Rassegna Stampa

Sardegna Quotidiano

Quel febbraio di 169 anni fa in città quando l’inno si cantava in sardo

Fonte: Sardegna Quotidiano
21 febbraio 2013

 S’HYMNU SARDU NATIONALE

 

Non a tutti piace. L’hanno chiamato «marcetta ». Hanno criticato il testo, «arcaico e sconclusionato » . Hanno proposto Verdi, “Va ’, pensiero”. «Eppure», puntualizza Marco Betzu, ricercatore di Diritto Costituzionale all’università, «la Repubblica è una e indivisibile. Il Tricolore è la sua bandiera, e Fratelli d’Italia è il suo inno, piaccia o meno ». Nel 1844 a Cagliari si ascoltava altra musica. Al teatro Civico, il 20 febbraio, veniva infatti eseguito per la prima volta “S’Hymnu sardu nazionale”. «L’inno fu sempre tenuto in gran conto dai sovrani e fu eseguito l’ultima volta, ufficialmente, nel 1937 dal coro della Cappella Sistina, diretto da Lorenzo Perosi». A spiegarlo è Francesco Cesare Casula, cui si deve il ritrovamento dello spartito originale, rinvenuto negli archivi dell’au - ditorium. «S’Hymnu sardu nationale, scritto in campidanese, si affiancò alla preesistente Marcia Reale la quale, solo dopo la proclamazione della Repubblica, fu sostituita nel 1947 in via provvisoria - divenuta permanente per prassi - con il Canto degli Italiani, meglio noto come Fratelli d’Italia», ha chiarito Casula. S’Hymu (anche noto come “Cunservet Deus su re”, incipit del testo) risale agli anni trenta del XIX secolo e fu scritto dal sacerdote, secolarizzatosi nel 1842, Vittorio Angius, deputato al Parlamento Subalpino e fervente liberale.
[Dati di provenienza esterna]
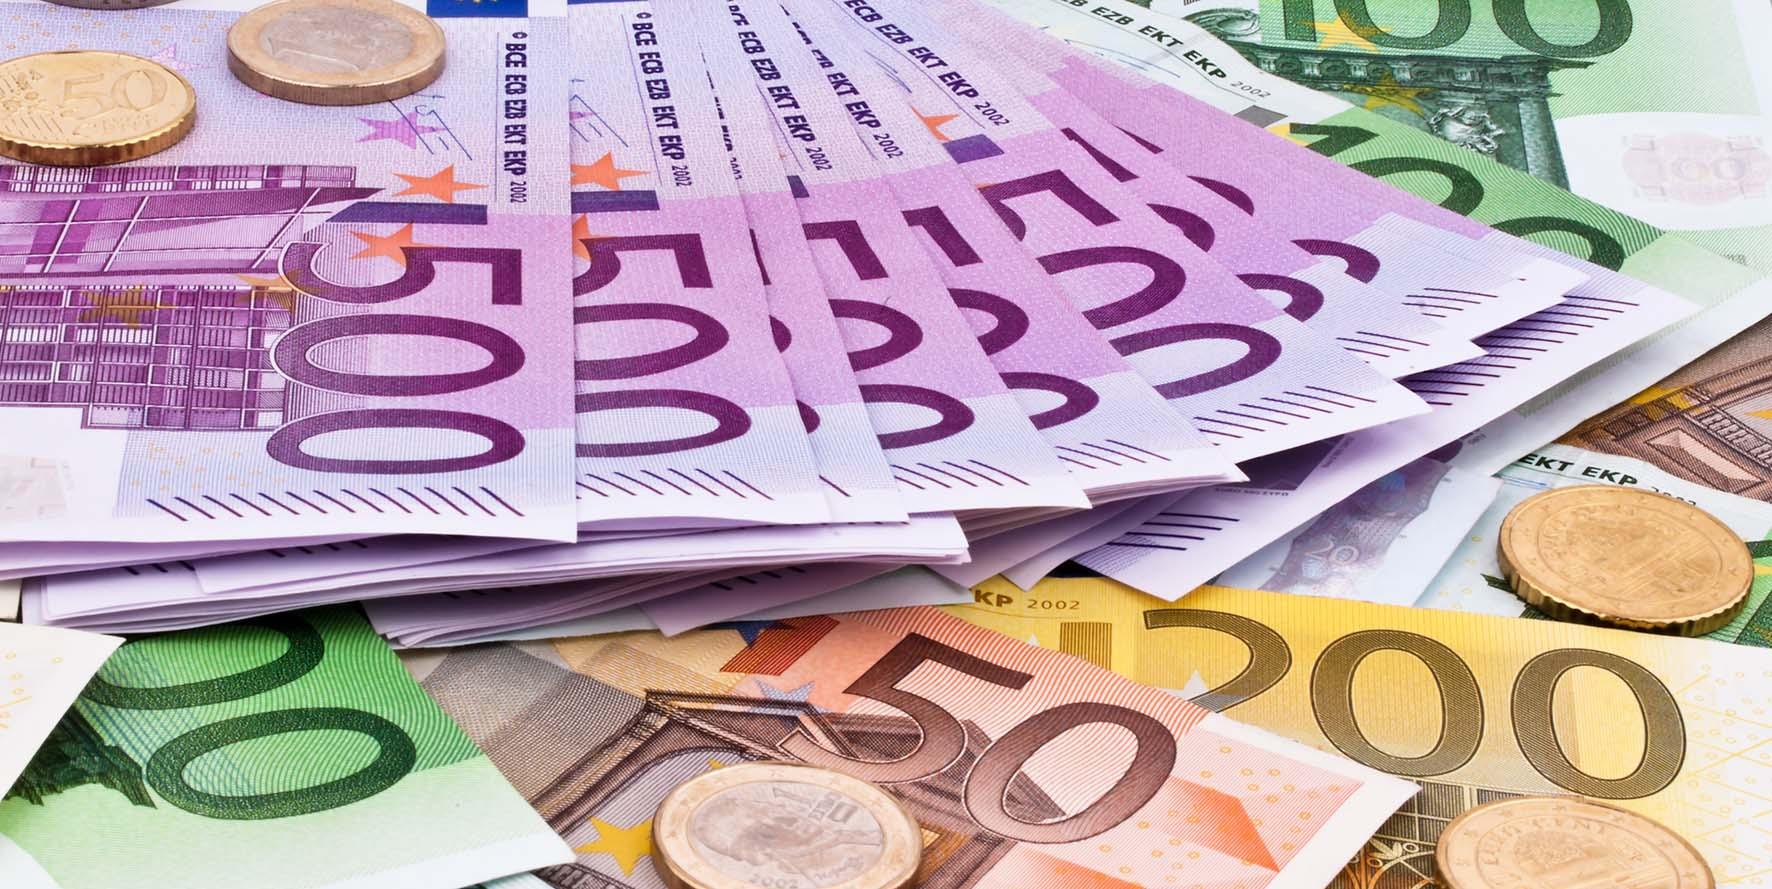 euro soldi biglietti banca monete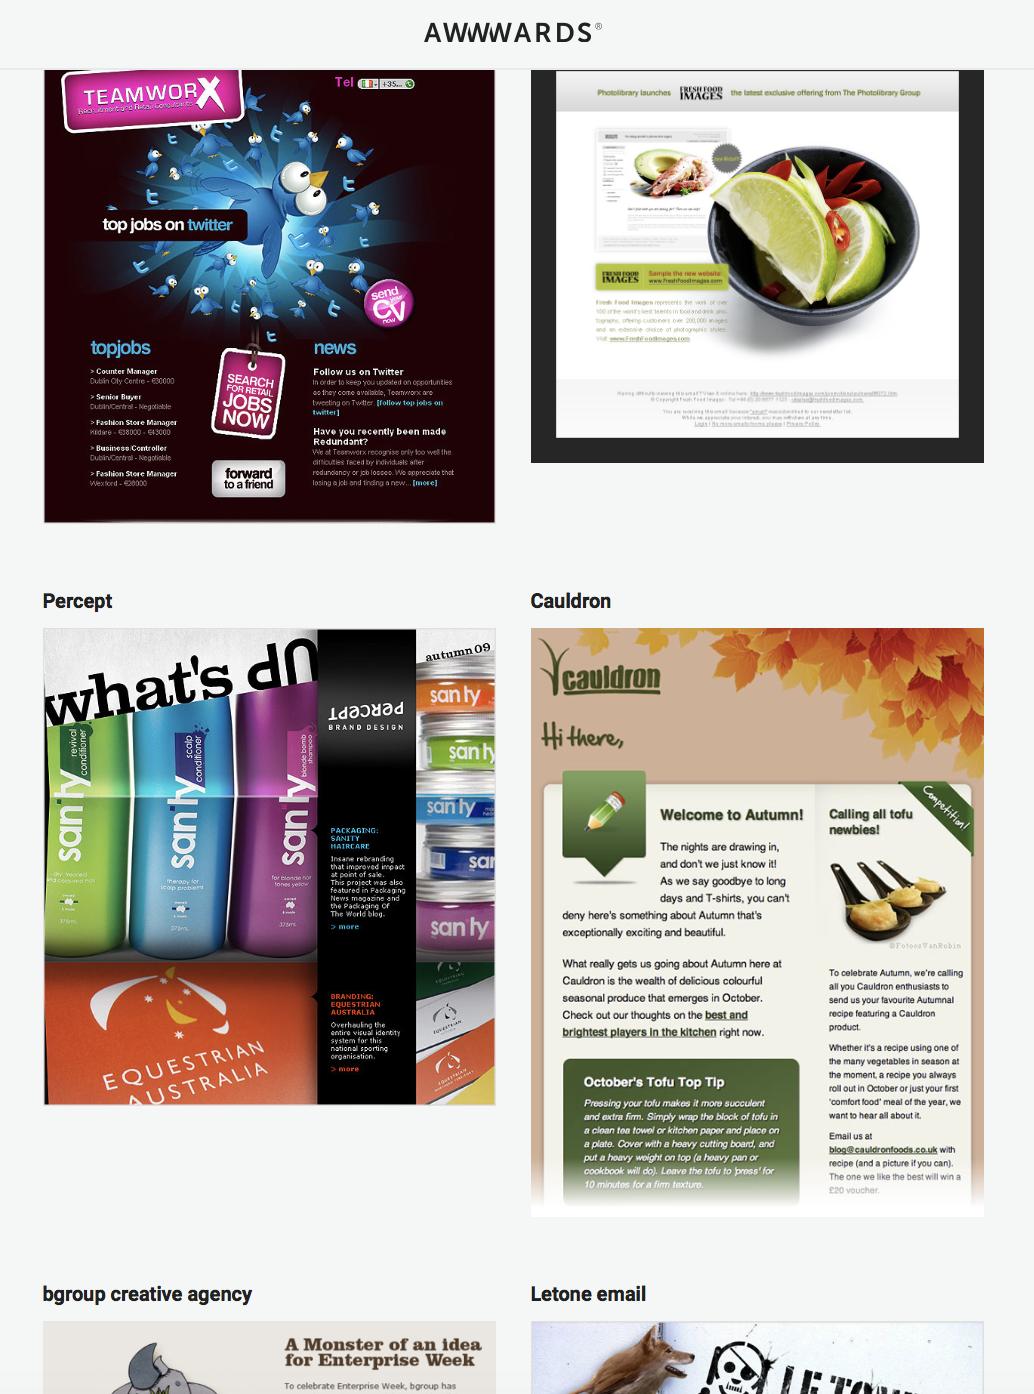 Newsletter design awwords result

La musica invece venne composta dal maestro sassarese Giovanni Gonella. «Si tratta di una grande testimonianza di attaccamento dei Sardi alla casa reale» sostiene Pietro Pisu, che da anni si impegna a mantenere viva la memoria dell’esperienza monarchica. Gli fa eco l’urbanista Giampaolo Marchi: «Certamente ha senso ricordare l’antico inno: non tanto per la musica in se, ma perchè costituisce un riferimento ancora radicato e con una forte valenza identitaria. Se talvolta anche una canzoncina è in grado di rappresentare la stagione di un amore, un inno come il Cunservet coincide con la stagione epica del regno sardo e di quello derivato, d’Italia, per giungere alla nostra Repubblica. È dunque il simbolo, al di fuori del tempo, del nostro far west». Sulla valenza storica e simbolica di quello che fu l’inno del regno di Sardegna prima, e d’Italia poi, concorda Radhouan Ben Amar, docente di Teoria della traduzione e lingue: «Per me non esiste un Nord e un Sud. Quando sento parlare di inni o bandiere “regionali ” mi vengono i brividi, perché per me la nazione è una soltanto». Secondo il docente «ogni emblema del passato, e Cunservet Deus su re in questo senso non fa eccezione, non va dimenticato o sminuito nella sua importanza ma, al contrario, ricordato e studiato perché possa contribuire a costruire il presente e il futuro». I valori sintetizzati da un inno nazionale «devono risultare condivisi dalla collettività e e rappresentativi della stessa», conclude Ben Amara. Cosa rispondere, dunque, a chi vorrebbe l’abolizione di Fratelli d’Italia? «Una recente legge, la 222 del 2012, stabilisce l’insegnamento dell’inno di Mameli nelle scuole del primo ciclo di istruzione», ricorda Marco Betzu, che conclude: «Questo per ribadire, anche per il futuro, un concetto chiaro: la Repubblica è una, e l’inno pure » . Fabio Marcello

L’AUTORE È VITTORIO ANGIUS

S’Hymnu Sardu Nationale è degli anni trenta del XIX secolo. Fu scritto dal sacerdote, secolarizzatosi nel 1842, Vittorio Angius, deputato al Parlamento Subalpino. La musica venne composta dal maestro sassarese Giovanni Gonella. L’inno, scritto in sardo, si affiancò alla preesistente Marcia Reale, la quale fu sostituita dopo la proclamazione della Repubblica, nel 1947, con il Canto degli Italiani (più noto come Fratelli d’Italia) di Goffredo Mameli e Michele Novaro.